§ **Exercise objective**:
Pictures are to be dropped. Everything else in the listing gets copied exactly.

§ **Dataset content**:
+ + + +

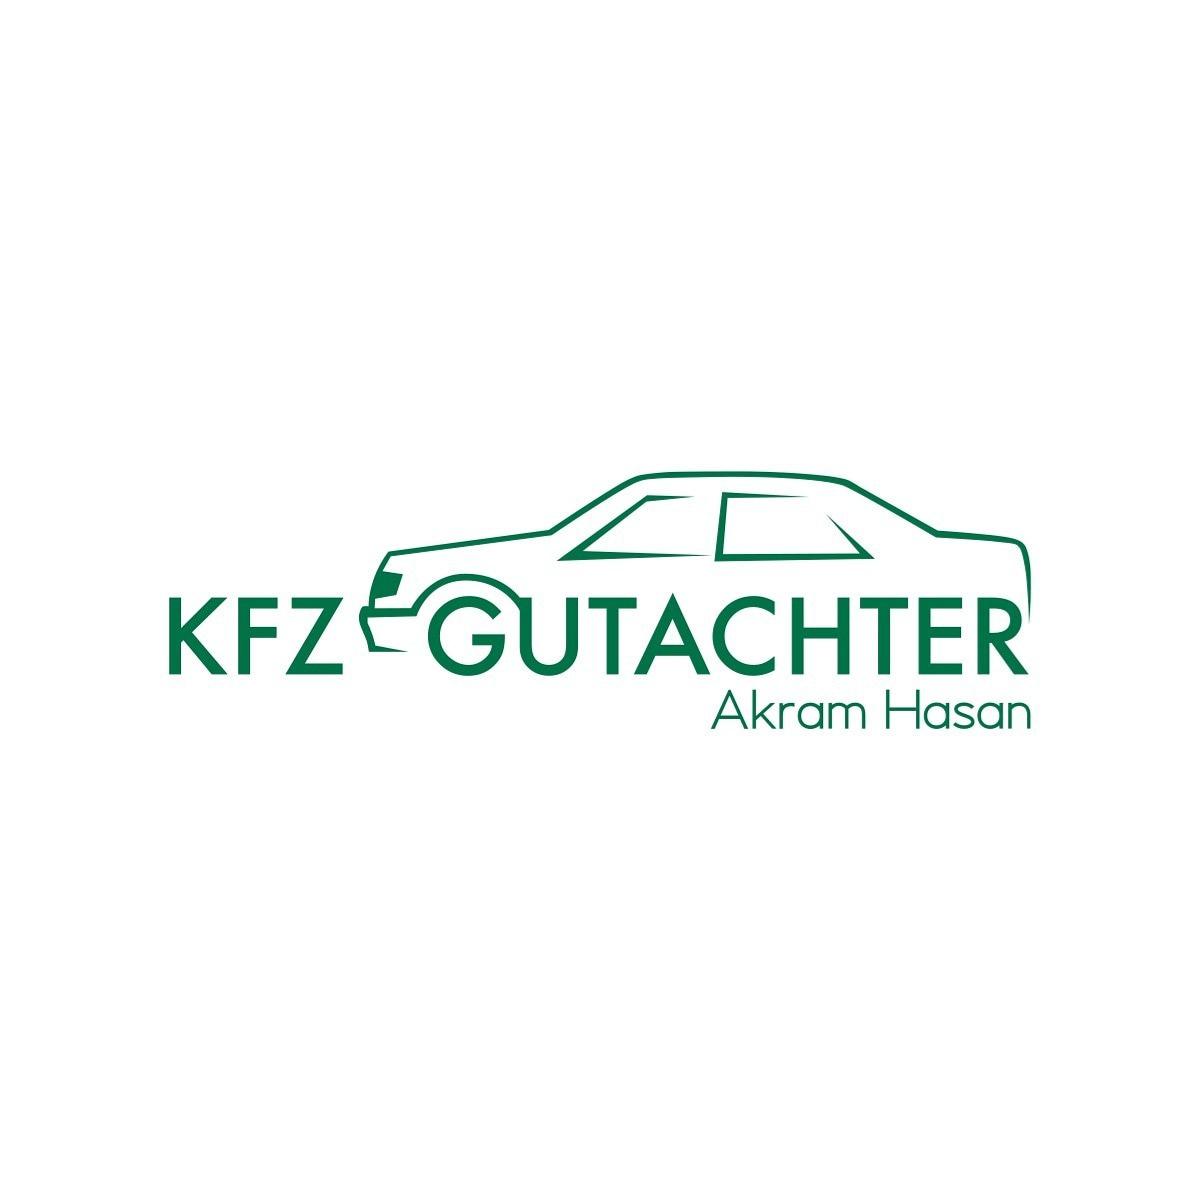 Logo Kfz-Gutachter Akram Hasan
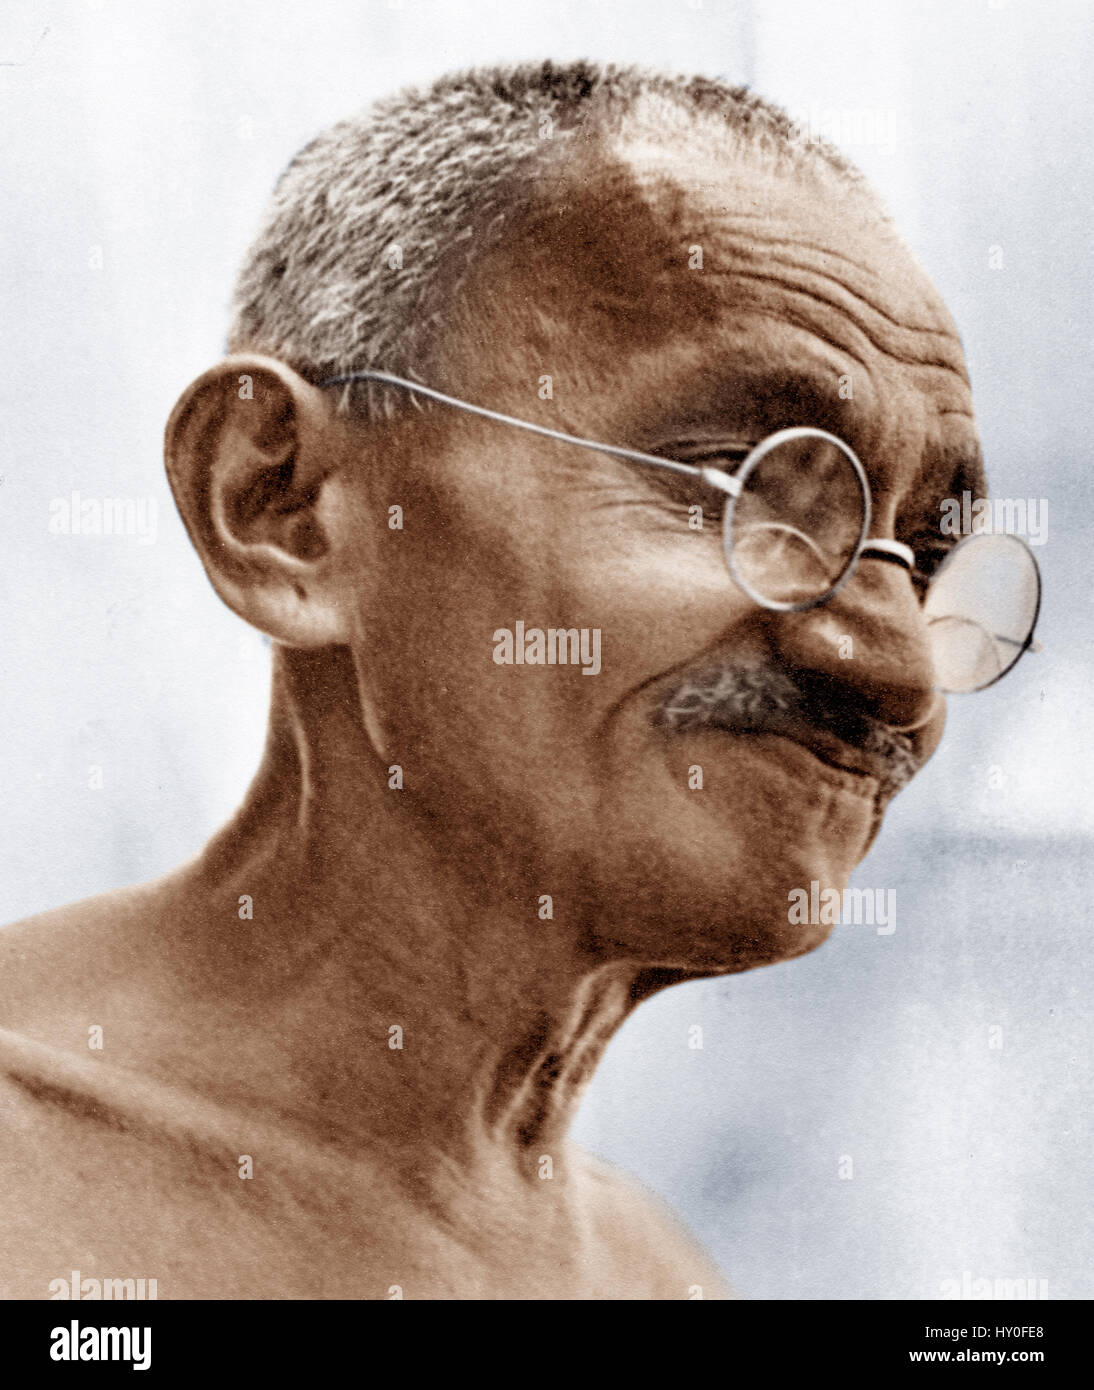 Indische Freiheitskämpfer, Mahatma Gandhi, Indien, Asien, 1930 Stockfoto
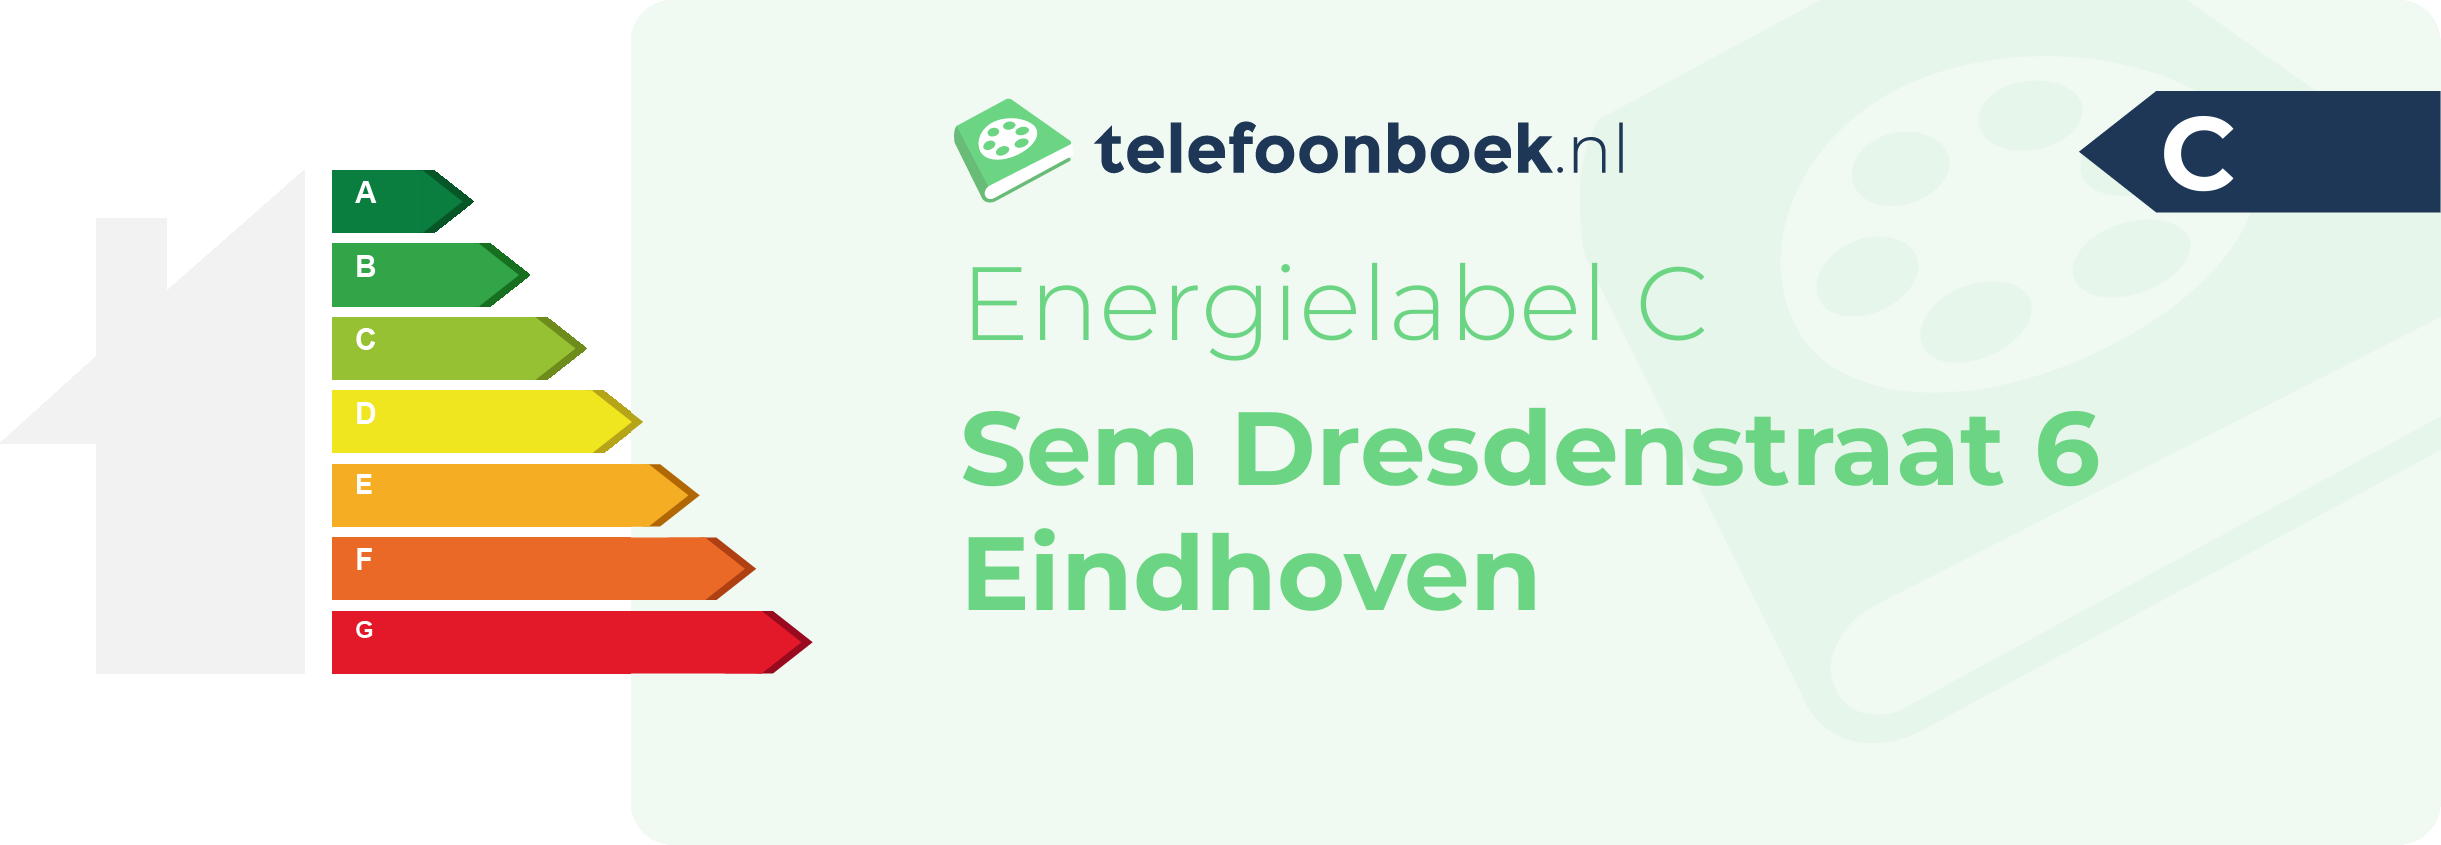 Energielabel Sem Dresdenstraat 6 Eindhoven
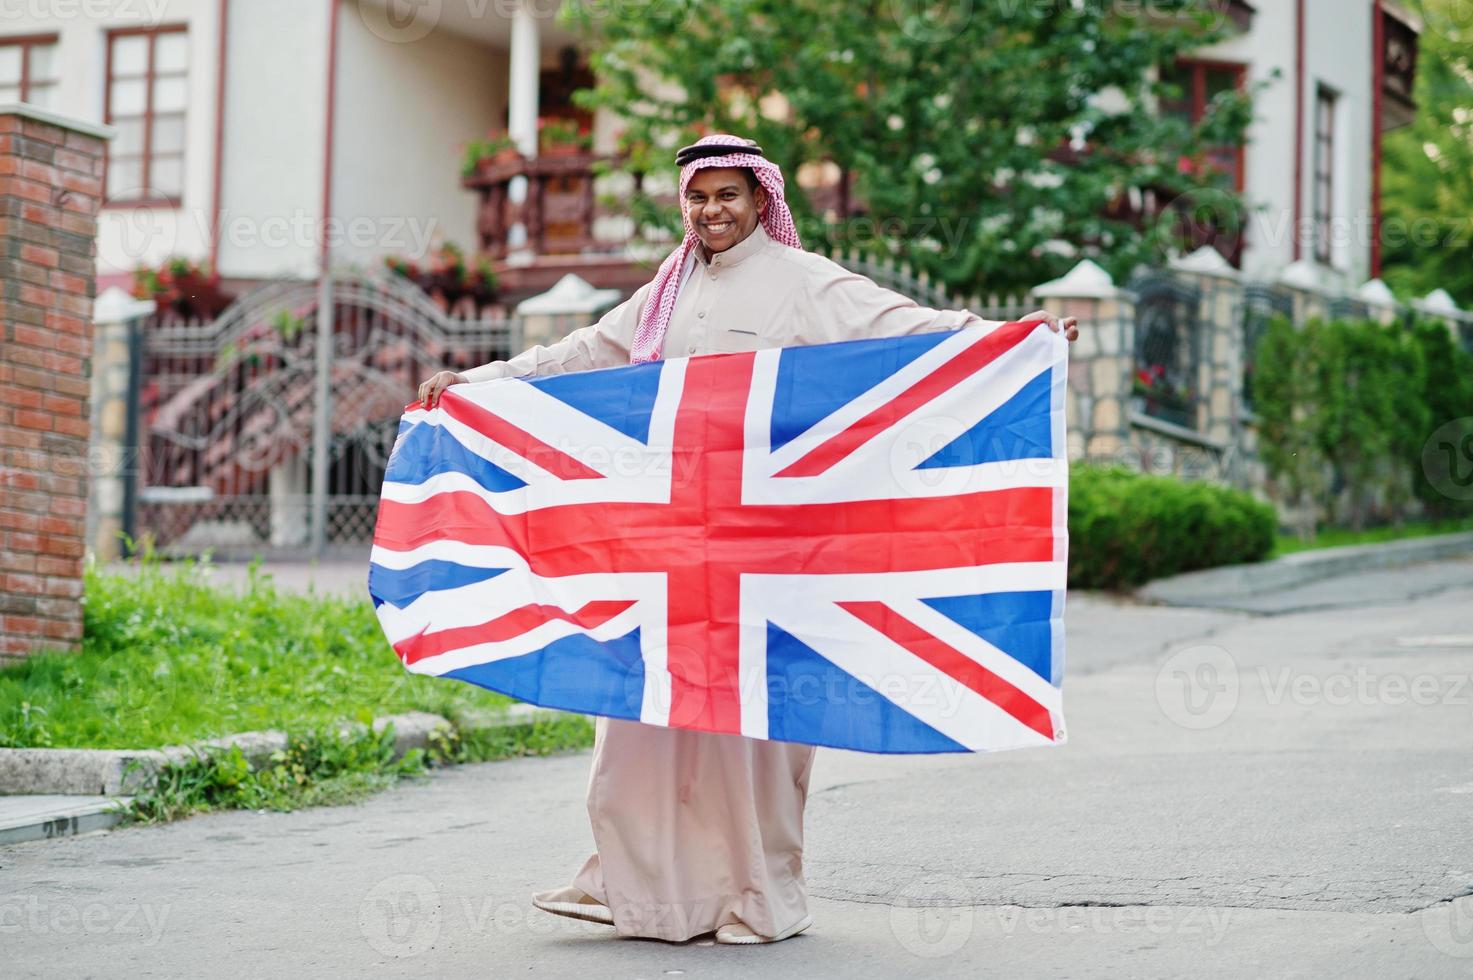 mellanöstern arab man poserade på gatan med Storbritanniens flagga. England och arabiska länder koncept. foto

+ + + +

§ **Task answer**:
 Logo Kfz-Gutachter Akram Hasan
 Indische Freiheitskämpfer, Mahatma Gandhi, Indien, Asien, 1930 Stockfoto
 Energielabel Sem Dresdenstraat 6 Eindhoven
 mellanöstern arab man poserade på gatan med Storbritanniens flagga. England och arabiska länder koncept. foto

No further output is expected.